When the U.S. Naval Surface Warfare Center’s Carderock Division (NSWCCD) upgraded its underwater sensor array, it required a storage system that could keep up with the 1,000-fold increase in data. NSWCCD stayed with Quantum’s StorNext data management software. The result: A scalable, reliable solution that significantly increased performance. 

Reliability, Capacity Critical

Among its many research activities for the U.S. Navy, NSWCCD manages two advanced underwater sensor arrays from an Alaskan laboratory. These arrays collect the acoustic signatures of submarines, both at sea and when the submarine is stationary. This information is used to assess vulnerabilities and develop quieting measures.

When NSWCCD deployed new sensor arrays, each containing hundreds of underwater microphones, they increased data collection by a factor of 1,000, with an average of 550,000 data files and up to 3TB of data per test. All of that data needed to be accurately captured and stored during the three to twenty minutes that a test takes. If a problem was found with the data quality, tests could be rerun, but only at the significant additional cost of recalling submarines or delaying their departure.

A SAN installed in 2005 that utilized an earlier version of Quantum’s StorNext File System initially met the organization’s needs. With the new volume of data, NSWCCD’s computer scientist Bryan Bennett went looking for a high-speed, high-availability storage system. The best choice, he quickly realized, was to upgrade StorNext.

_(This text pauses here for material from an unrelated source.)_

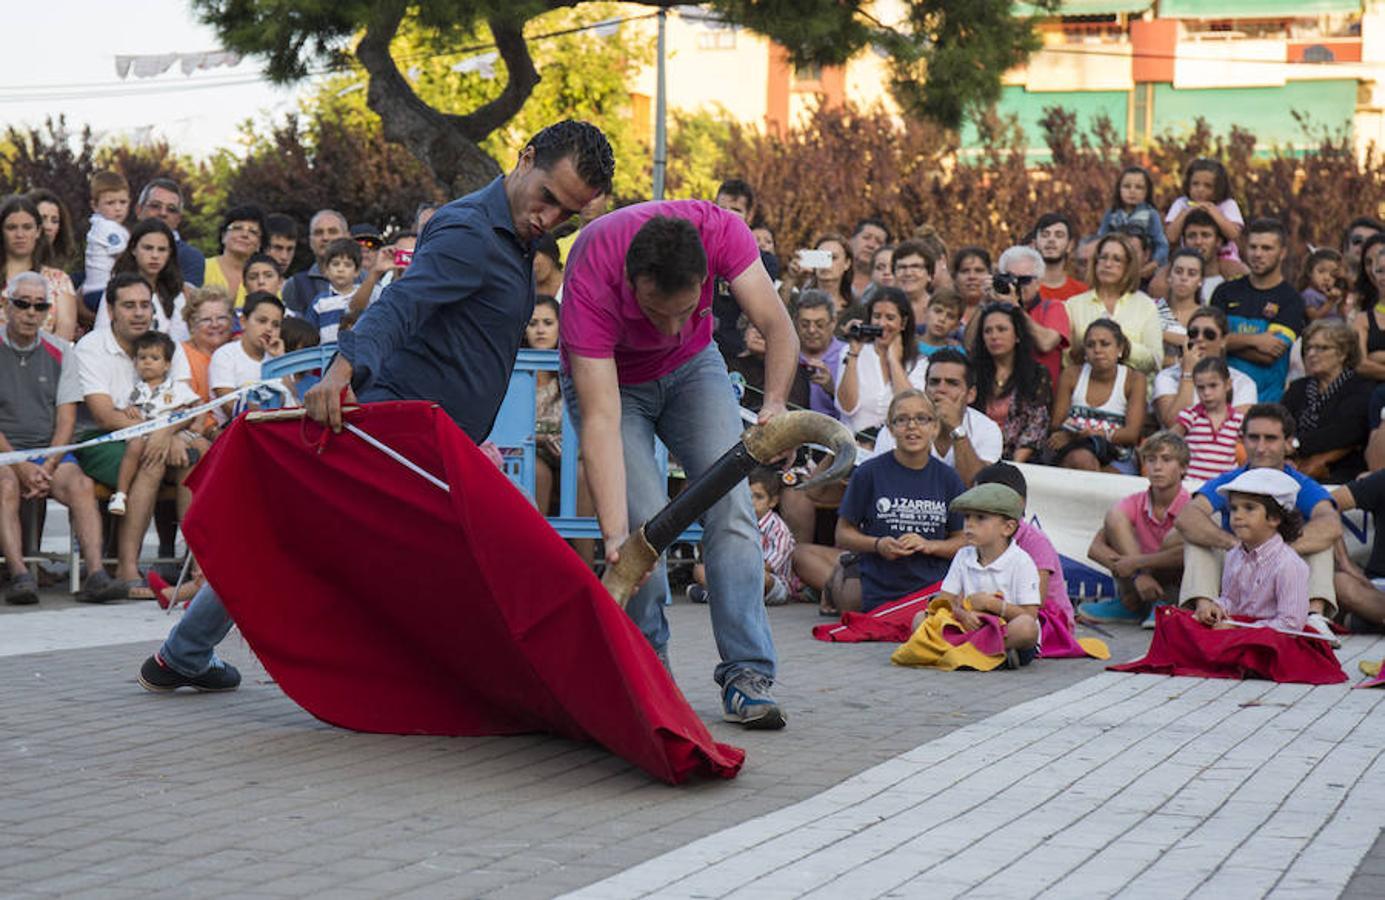 Iván Fandiño, en Punta Umbría (Huelva), enseña técnica del toreo a unos jóvenes aficionados

Benefit: Ability to Process More Data Quickly

NSWCCD is now able to process more data than before with a newly architected storage system in place that consists of three StorNext file systems. StorNext’s high-speed file sharing and scalable SAN performance enable the analysis of rich, detailed information generated by the sensors.

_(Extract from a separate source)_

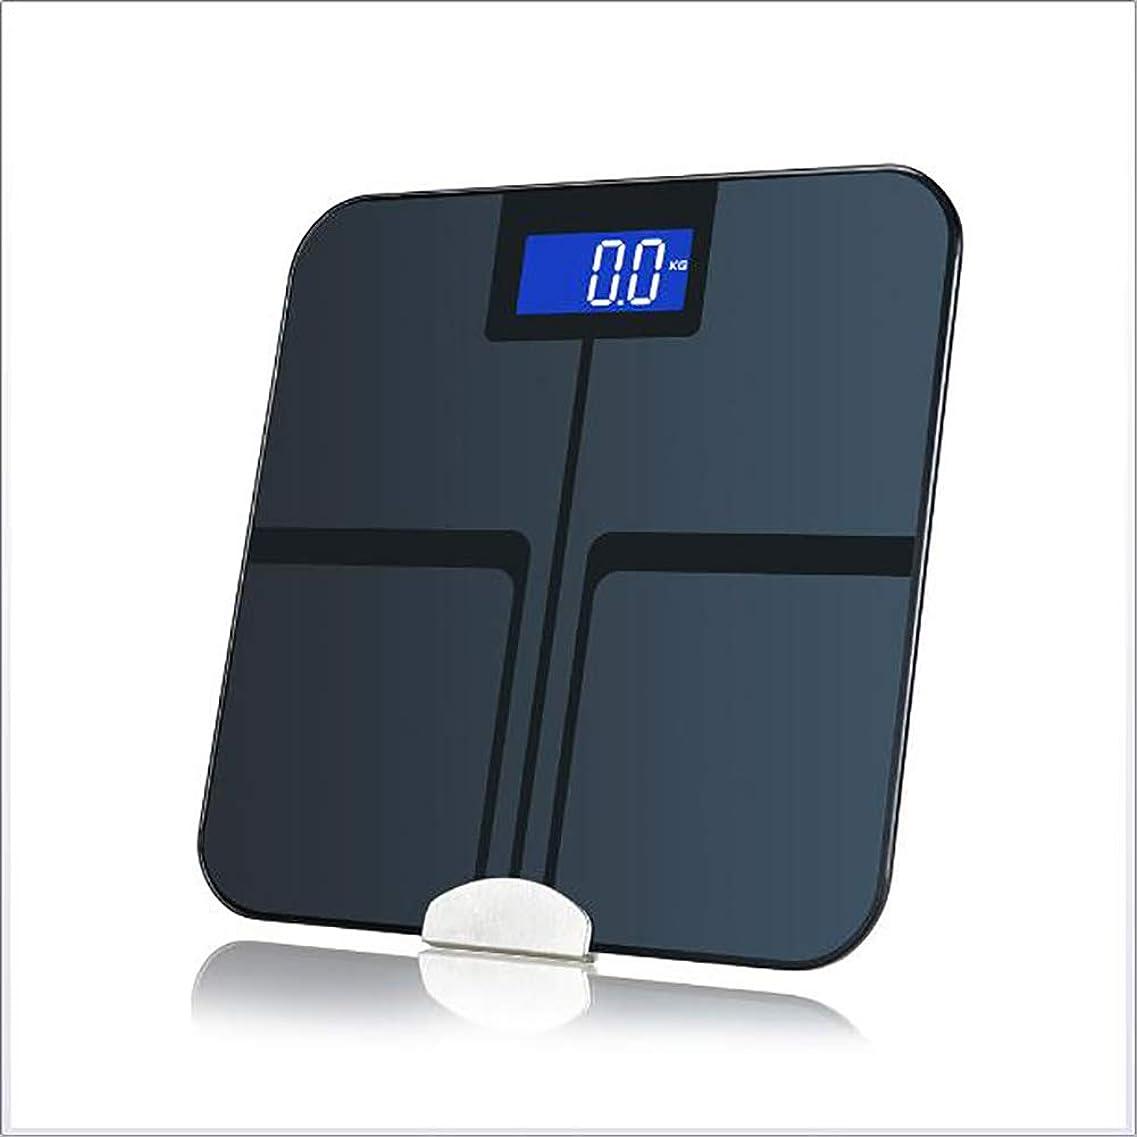 発掘対角線大胆ブルートゥース体脂肪スケール、スマートスケールワイヤレスバスルーム重量スケール、脂肪、BMI、BMR、筋肉量、水のための自動認識体組成計

With the first file system focused on high-speed data ingest, the second file system provides consolidation and analysis of data. In the previous system architecture, everything was written to a single partition, which became slower and less reliable as the file system filled up. Finally, because only processed data is stored in the third file system, the raw data remains unaltered in the second file system for future analysis. The benefits of this setup were evident when the system operated flawlessly for NSWCCD’s largest test ever.

“We were amazed when we realized that we could take in 50 percent more data than we normally do in a day,” says Bennett. “A faster ingest data rate coupled with a robust data management system enables us to run tests more quickly and get the ships back out to sea in a timely manner. The performance gains from StorNext have really impressed management.”